Wenn Kinder im Haus leben

Dann verschiebt sich die Frage. Sie lautet nicht mehr nur „Was ist wirtschaftlich optimal?“, sondern auch „Was hält die Kinder in ihrer Schule und ihrem Umfeld?“. Viele Paare wählen deshalb bewusst eine Zwischenlösung: gemeinsames Eigentum für einige Jahre, klare Regeln zu Kosten und Instandhaltung, Verkauf zu einem vereinbarten späteren Zeitpunkt.

Solche Lösungen sind gut – aber nur, wenn sie vollständig durchgeschrieben sind. Wer trägt die Rate, wer die Nebenkosten, wer entscheidet über eine neue Heizung, was passiert bei Jobverlust, was bei einer neuen Partnerschaft im Haus? Ungeregelte Zwischenlösungen sind die häufigste Ursache dafür, dass ein Jahr später doch alles vor Gericht landet.

Warum das kein Fall für zwei Anwälte ist

Bei der Immobilie geht es um Bewertung, Finanzierbarkeit und Zeitpunkt – also um Zahlen und Rechenwege, nicht um Rechtsfragen. Zwei gegnerische Anwälte führen hier regelmäßig dazu, dass jede Seite ein eigenes Gutachten beibringt und die Positionen sich verhärten, obwohl die wirtschaftlichen Interessen erstaunlich oft parallel laufen: Beide wollen den bestmöglichen Wert und keine Zwangsversteigerung.

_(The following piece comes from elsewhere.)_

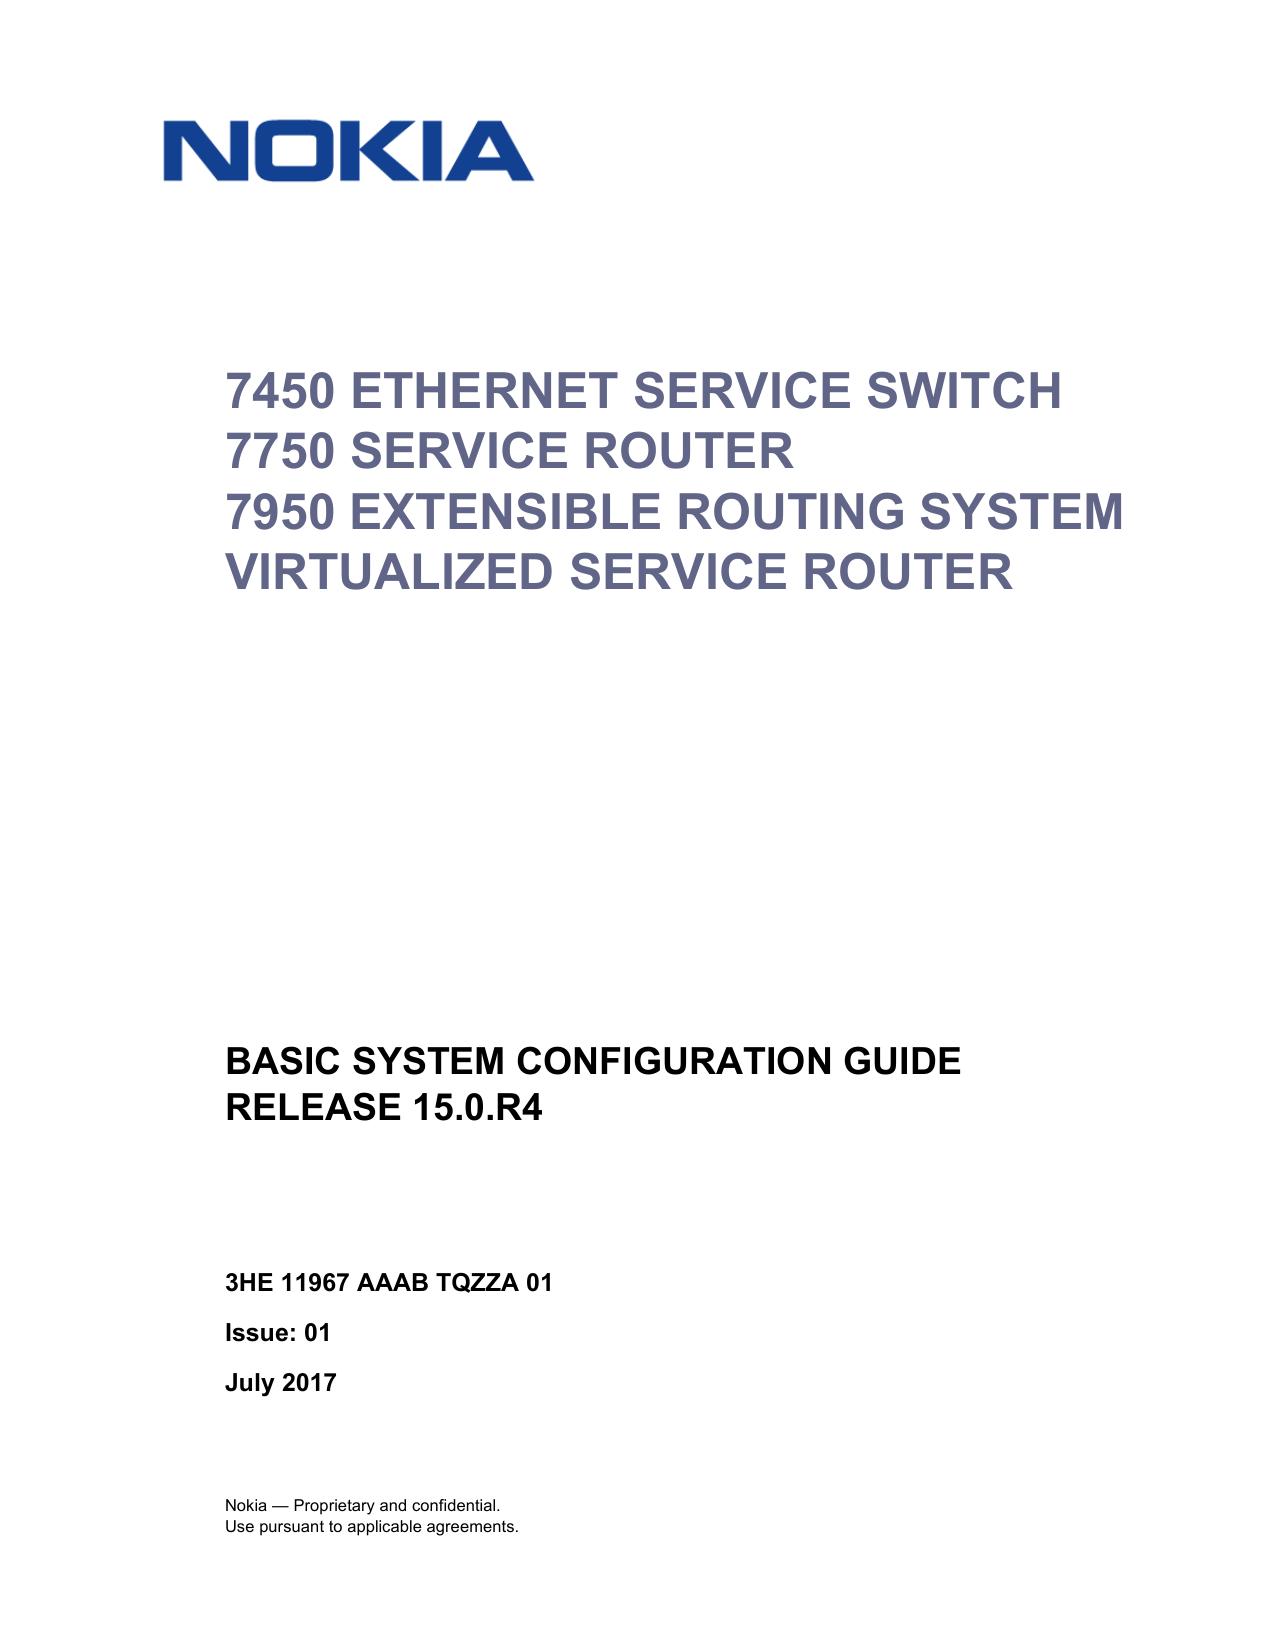 Basic System Configuration Guide R15 0 R4 - Alcatel   manualzz com

Bei medipact wird dieser Teil strukturiert online abgearbeitet: Zahlen und Unterlagen zusammentragen, Bewertungsfrage klären, Szenarien durchrechnen, Ergebnis schriftlich festhalten. Die Vereinbarung lassen Sie anschließend anwaltlich prüfen und – wenn Eigentum übertragen wird – notariell beurkunden.

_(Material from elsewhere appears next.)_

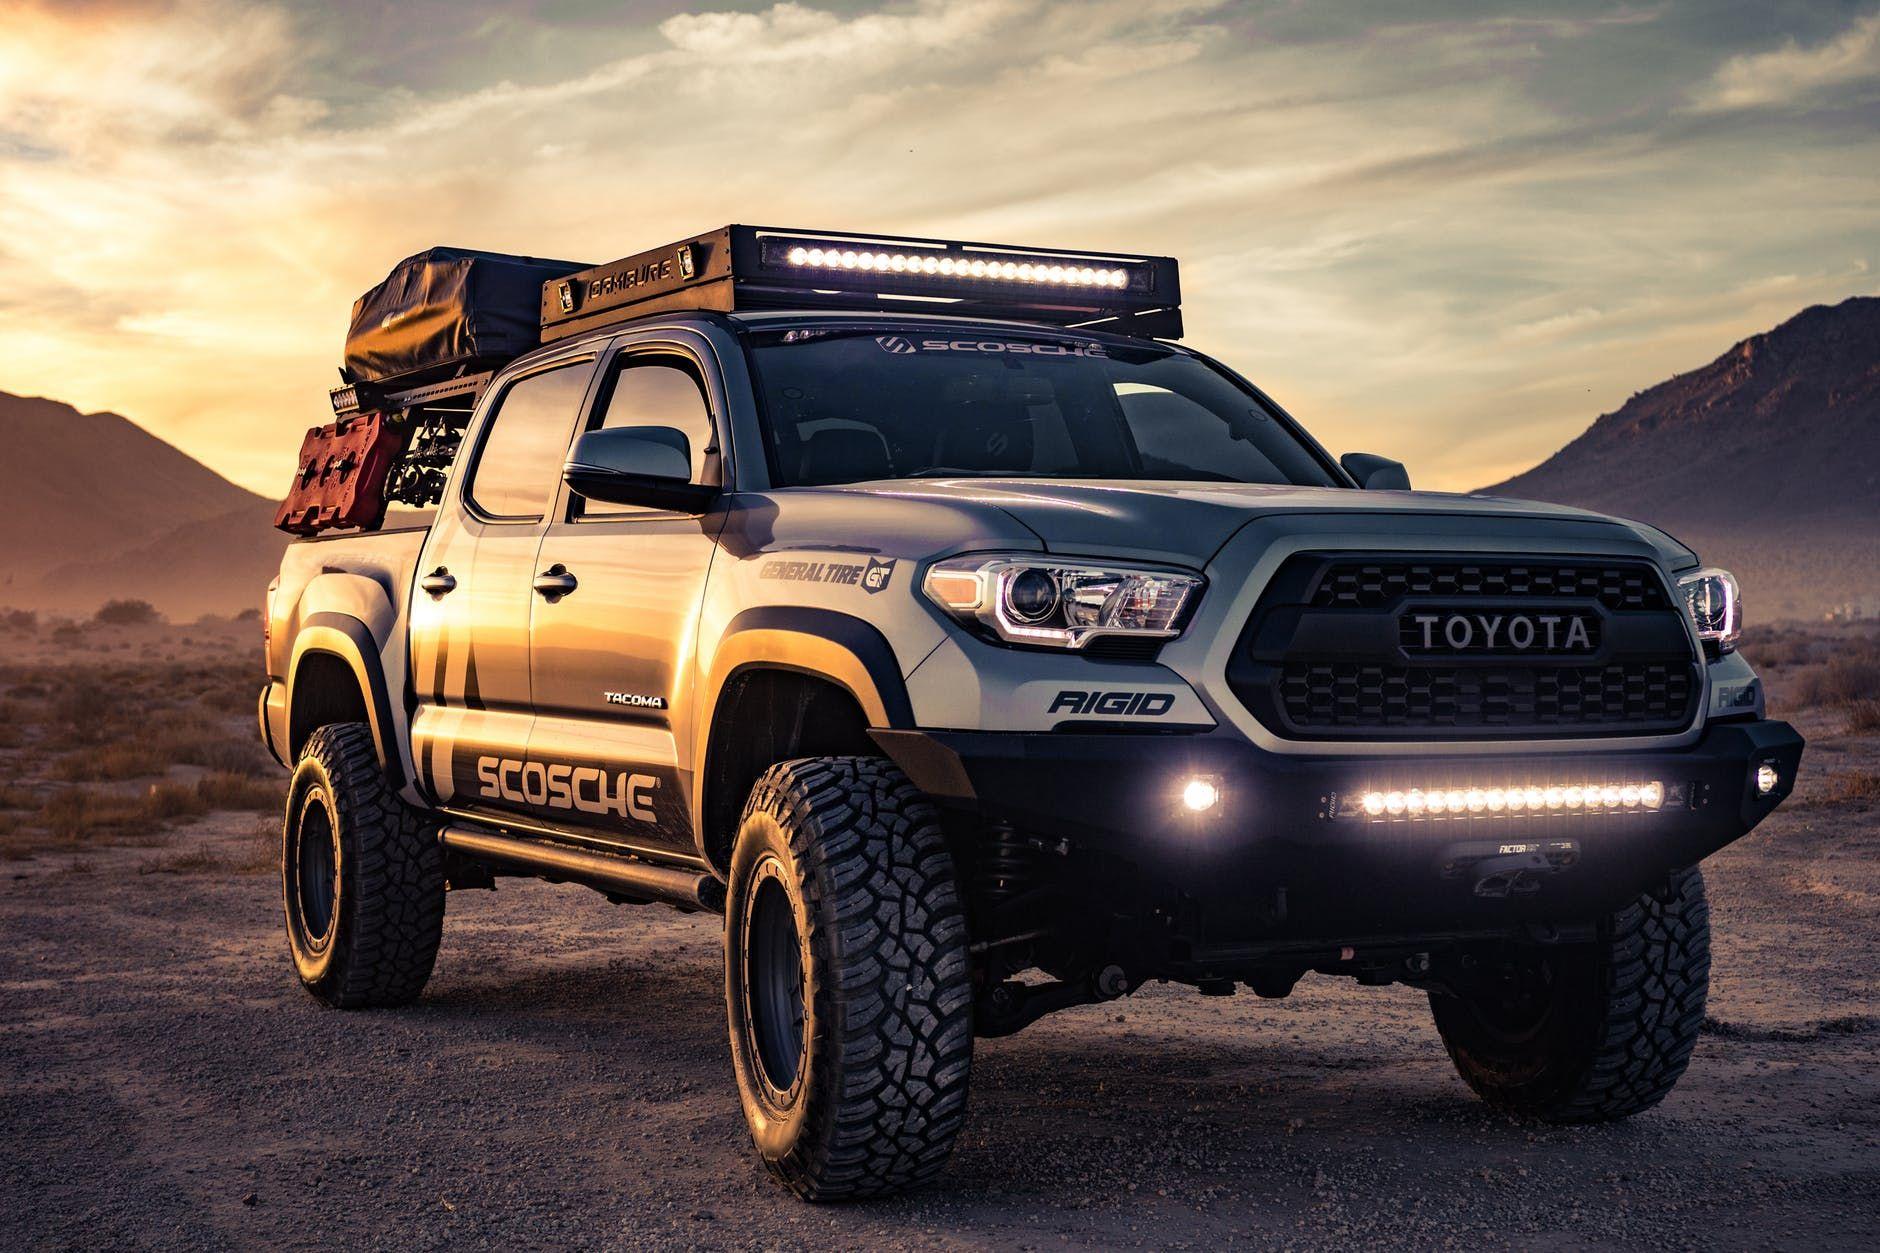 Kekurangan Toyota Offroad Spesifikasi

Dieser Artikel ersetzt keine Rechts- oder Steuerberatung. Ob eine Übertragung steuerfrei bleibt, ob eine Vorfälligkeitsentschädigung anfällt und wie der Zugewinnausgleich die Immobilie erfasst, hängt am Einzelfall. Lassen Sie das prüfen, bevor Sie unterschreiben.
Häufige Fragen

Kurz beantwortet

Muss ich bei einer Scheidung das Haus verkaufen?

Nein. Solange Sie sich einigen, bestimmen Sie selbst, was mit der Immobilie geschieht – Übernahme durch eine Seite, Verkauf, gemeinsames Behalten oder eine Zwischenlösung. Zum Verkauf kommt es zwangsweise erst, wenn keine Einigung zustande kommt und ein Miteigentümer die Teilungsversteigerung betreibt.

Wer bekommt das Haus bei der Scheidung?

Das Eigentum ändert sich durch die Scheidung nicht. Gehört die Immobilie beiden je zur Hälfte, bleibt das so, bis Sie etwas anderes vereinbaren und notariell beurkunden lassen. Wer während der Trennung darin wohnen darf, ist eine davon getrennte Frage und richtet sich vor allem danach, wer die Wohnung dringender braucht.

Komme ich aus dem gemeinsamen Kredit heraus, wenn der andere das Haus übernimmt?

Nur wenn die Bank Sie ausdrücklich aus der Haftung entlässt. Ihre interne Vereinbarung bindet die Bank nicht. Sie prüft, ob die übernehmende Person das Darlehen allein tragen kann, und stimmt nur dann zu. Klären Sie das unbedingt vor Abschluss einer Vereinbarung – sonst haften Sie weiter für ein Haus, das Ihnen nicht mehr gehört.

Was ist eine Teilungsversteigerung?

Ein gerichtliches Verfahren, mit dem ein Miteigentümer die Aufhebung der Gemeinschaft erzwingen kann, wenn keine Einigung zustande kommt. Die Immobilie wird versteigert und der Erlös geteilt. In der Praxis liegen die Erlöse regelmäßig unter dem freien Marktwert, sodass beide Seiten verlieren – deshalb ist es das letzte und nicht das erste Mittel.

Wie wird der Wert der Immobilie ermittelt?

Am besten durch einen gemeinsam beauftragten Sachverständigen. Zwei getrennt beauftragte Parteigutachten führen fast immer zu abweichenden Werten und damit zu einem dritten, gerichtlich bestellten Gutachten. Sich zuerst auf die Person des Gutachters zu einigen und danach über das Ergebnis zu sprechen, spart Zeit, Geld und Nerven.